* **Data shown**
┏━━

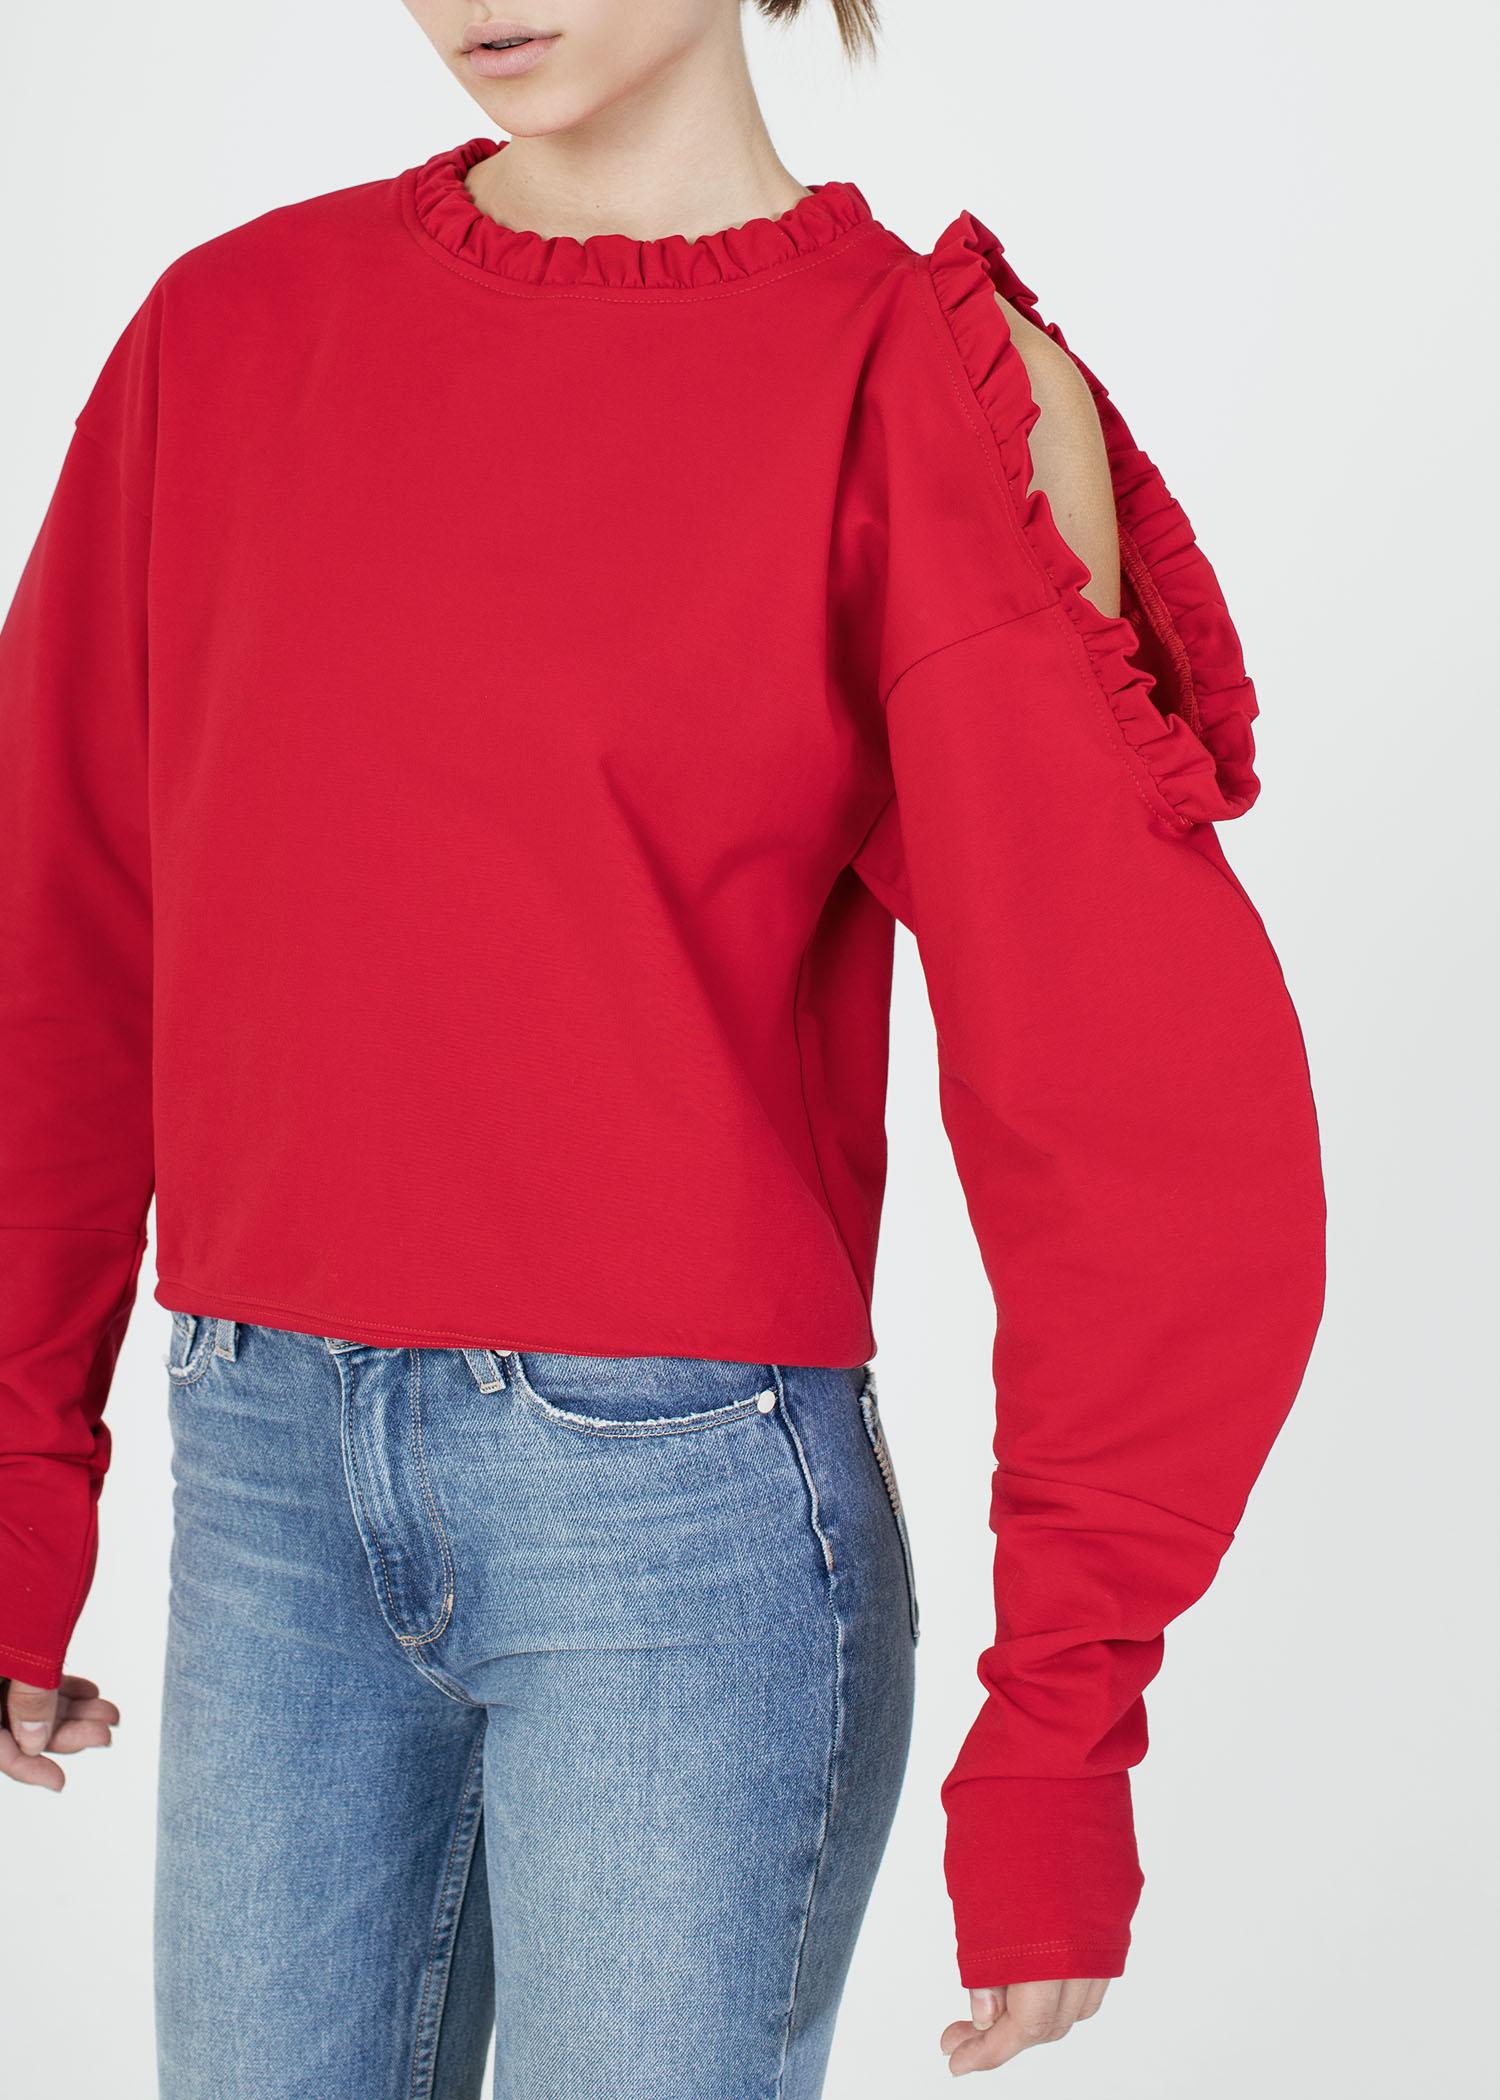 byTSANG season II ruffle peekaboo sweatshirt in scarlet
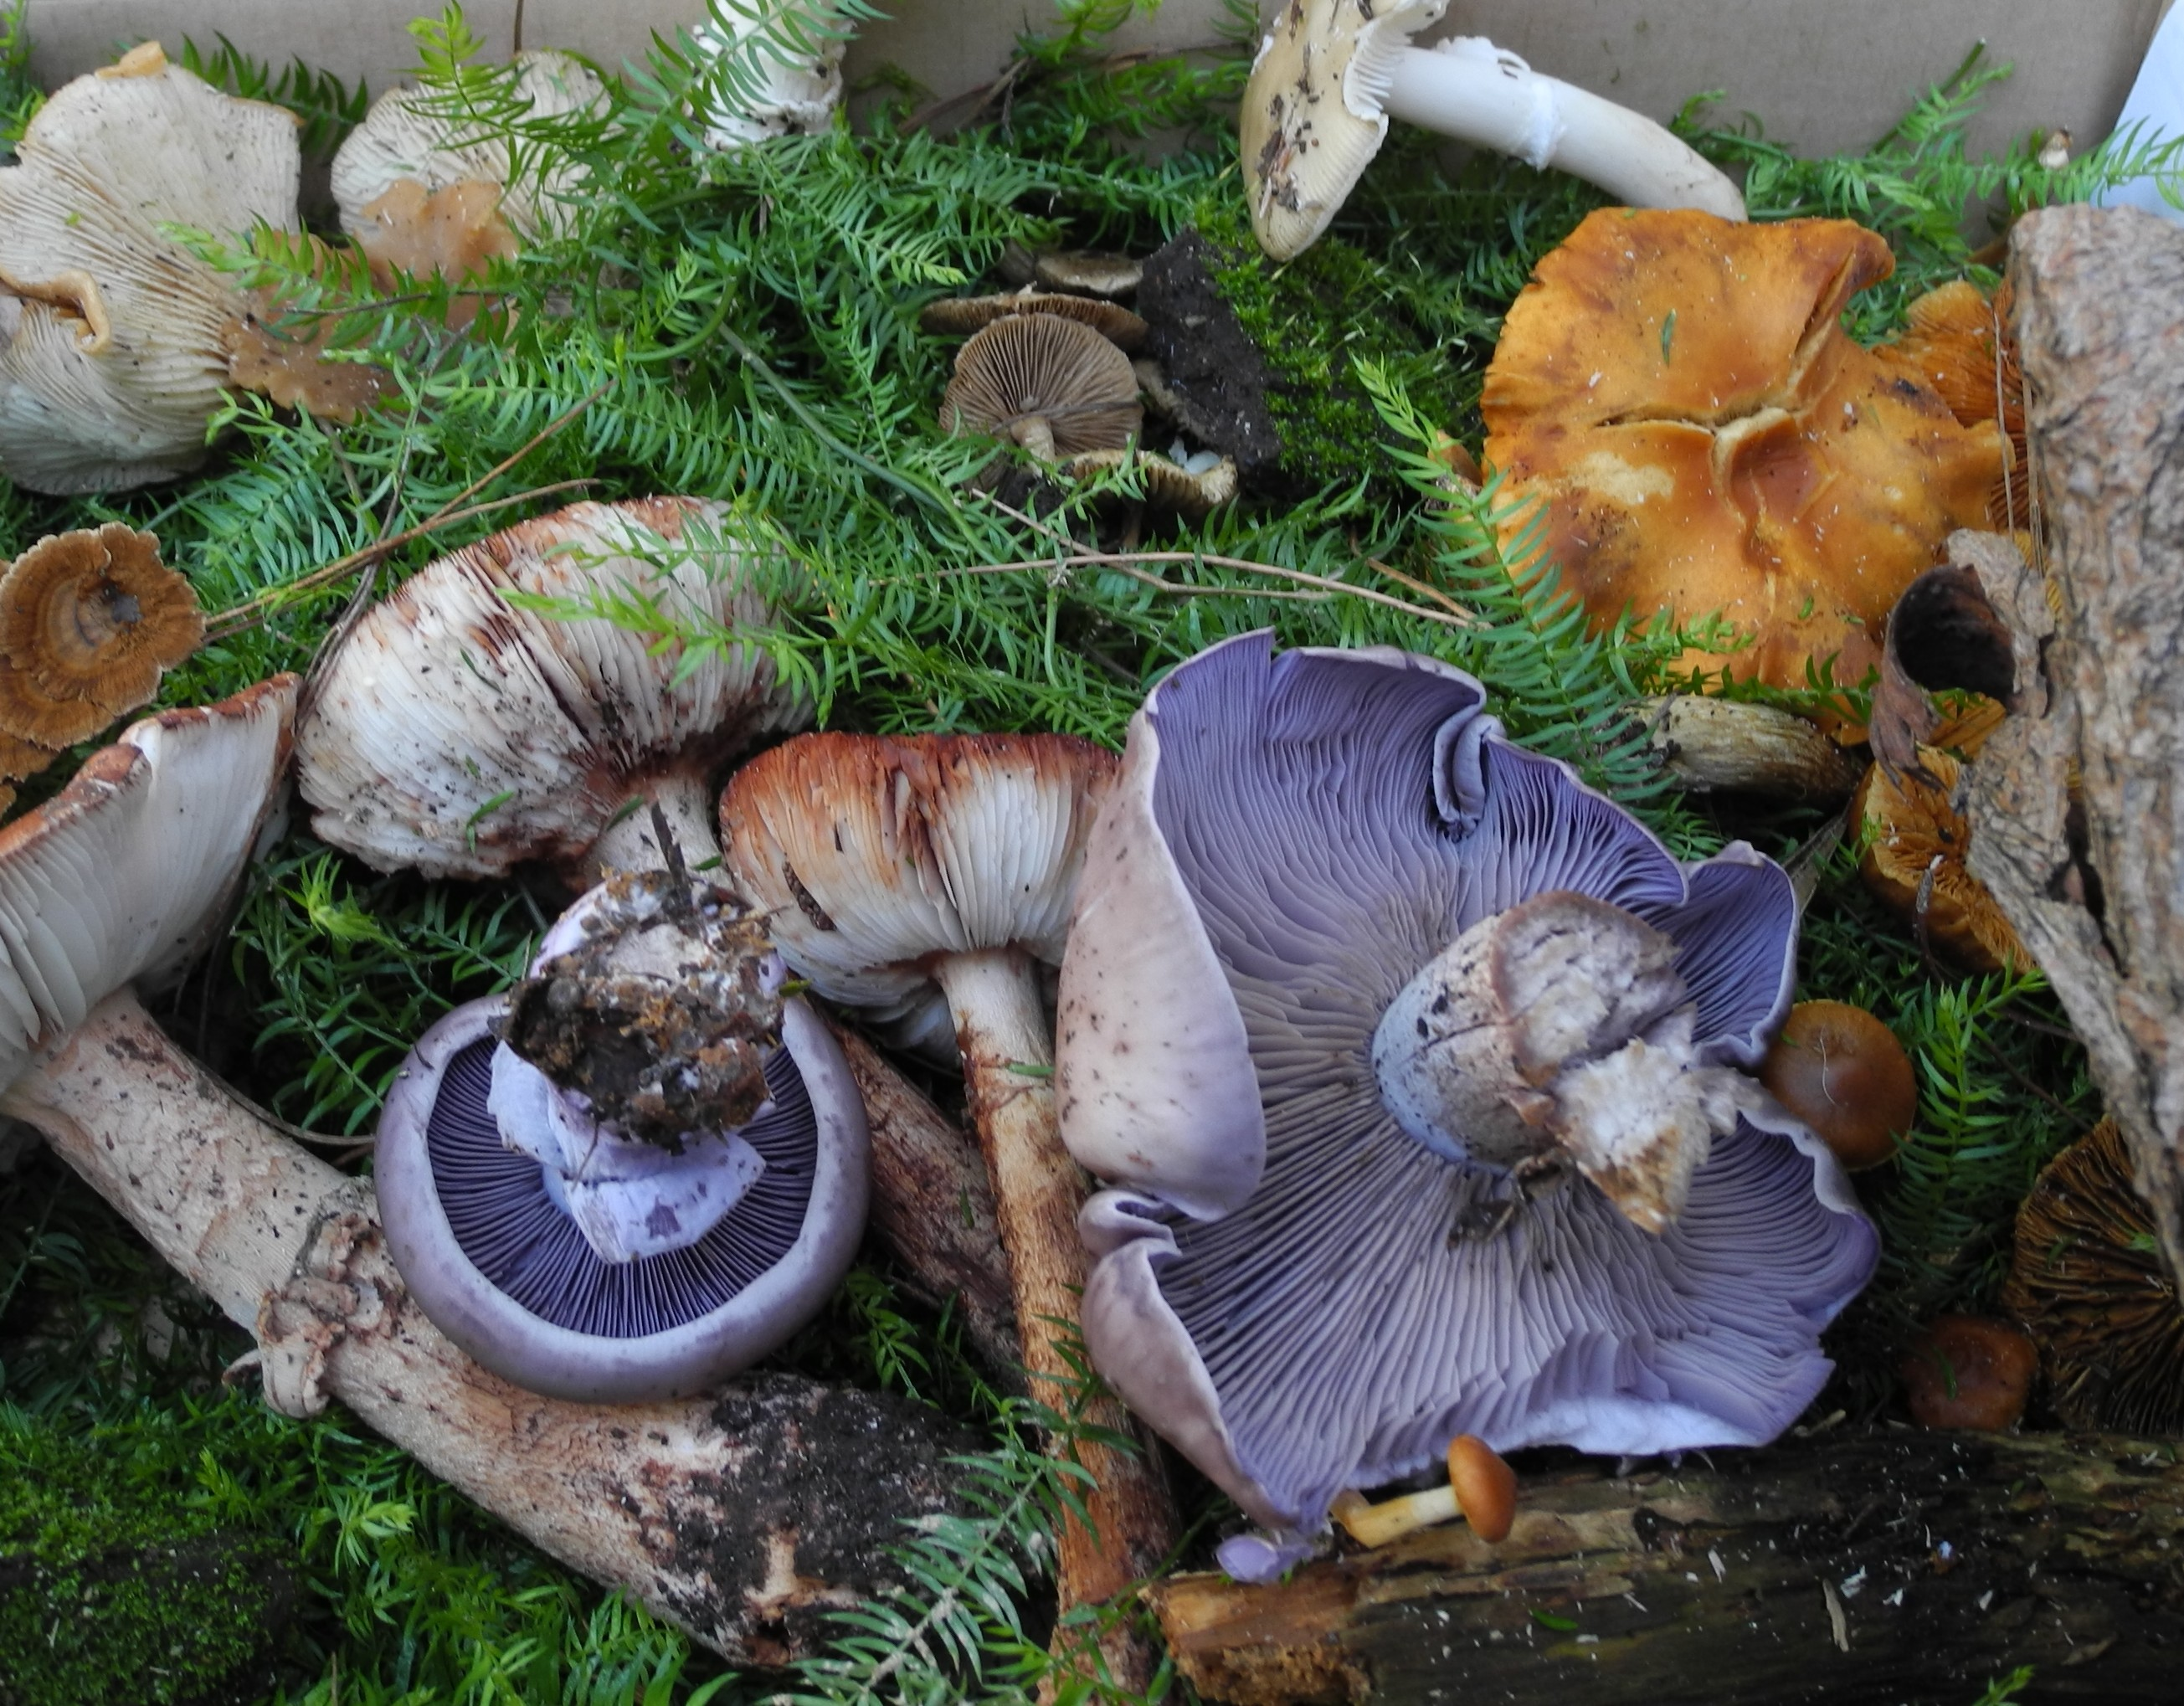 Mixed-wild-mushrooms
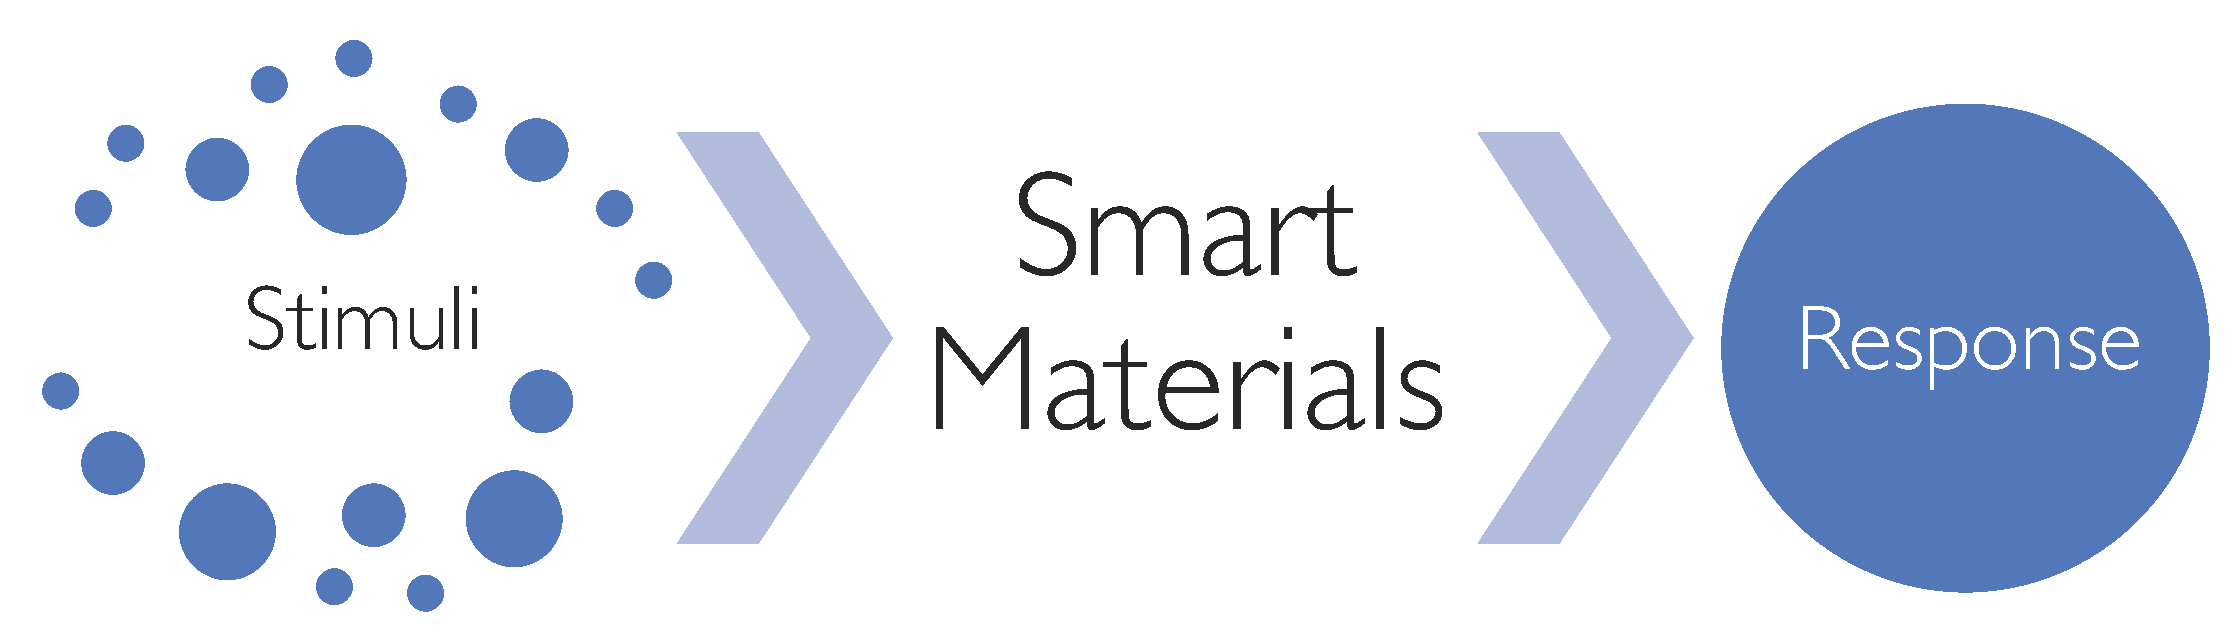 Materials 12 02216 g001
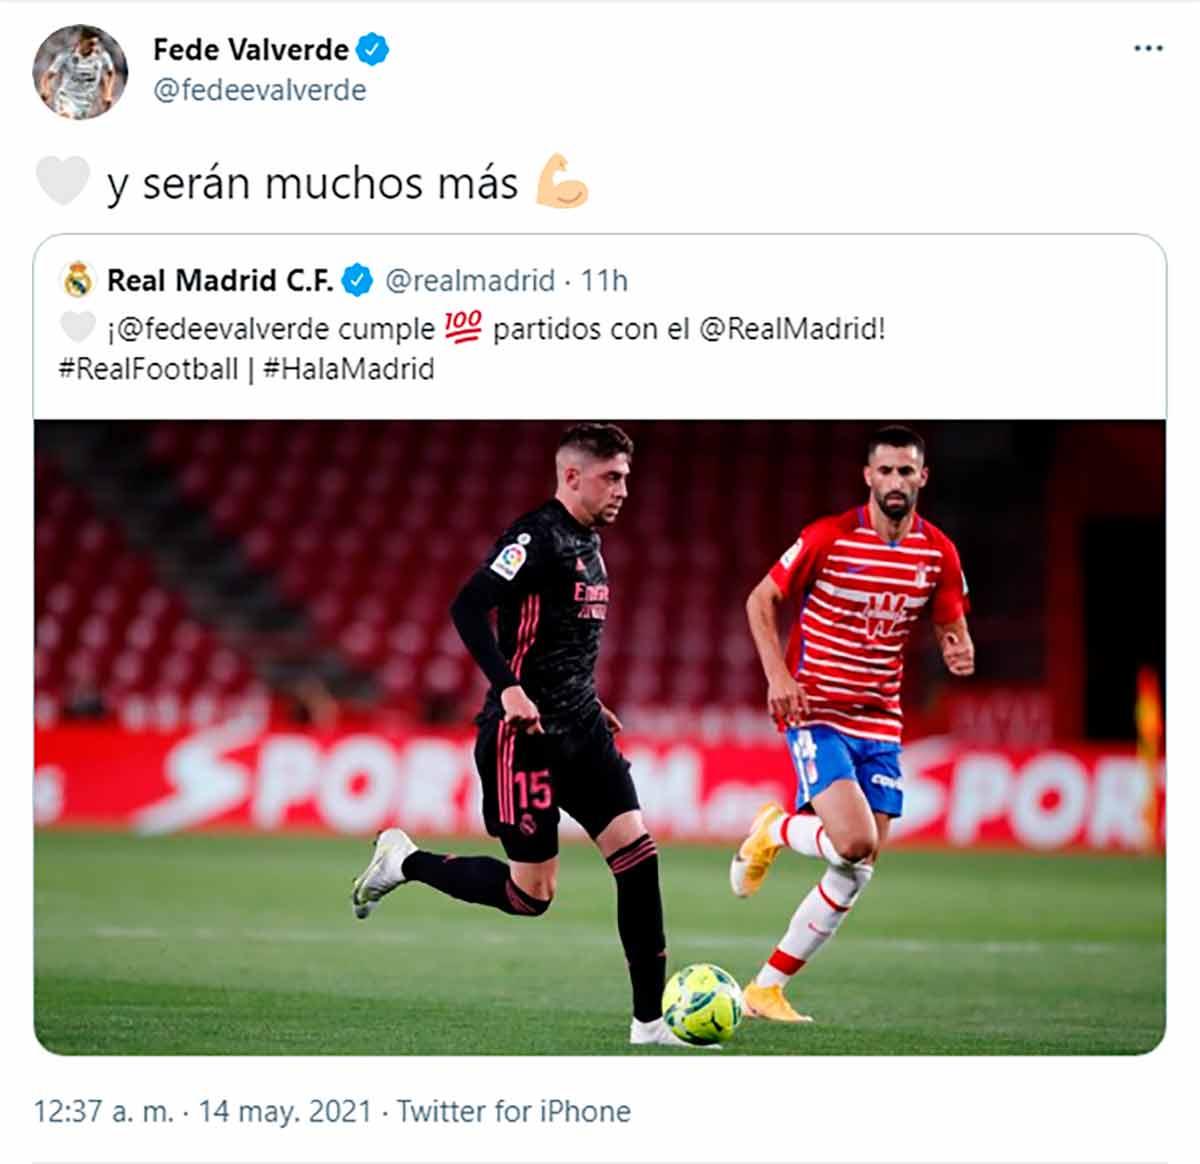 Tuit Fede Valverde 100 partidos

┗━━

The required output is the span of lines from the line with "Mixed-wild-mushrooms" through the final line of the listing above, reproduced exactly, minus the pictures.

 Mixed-wild-mushrooms
 Materials 12 02216 g001
 Tuit Fede Valverde 100 partidos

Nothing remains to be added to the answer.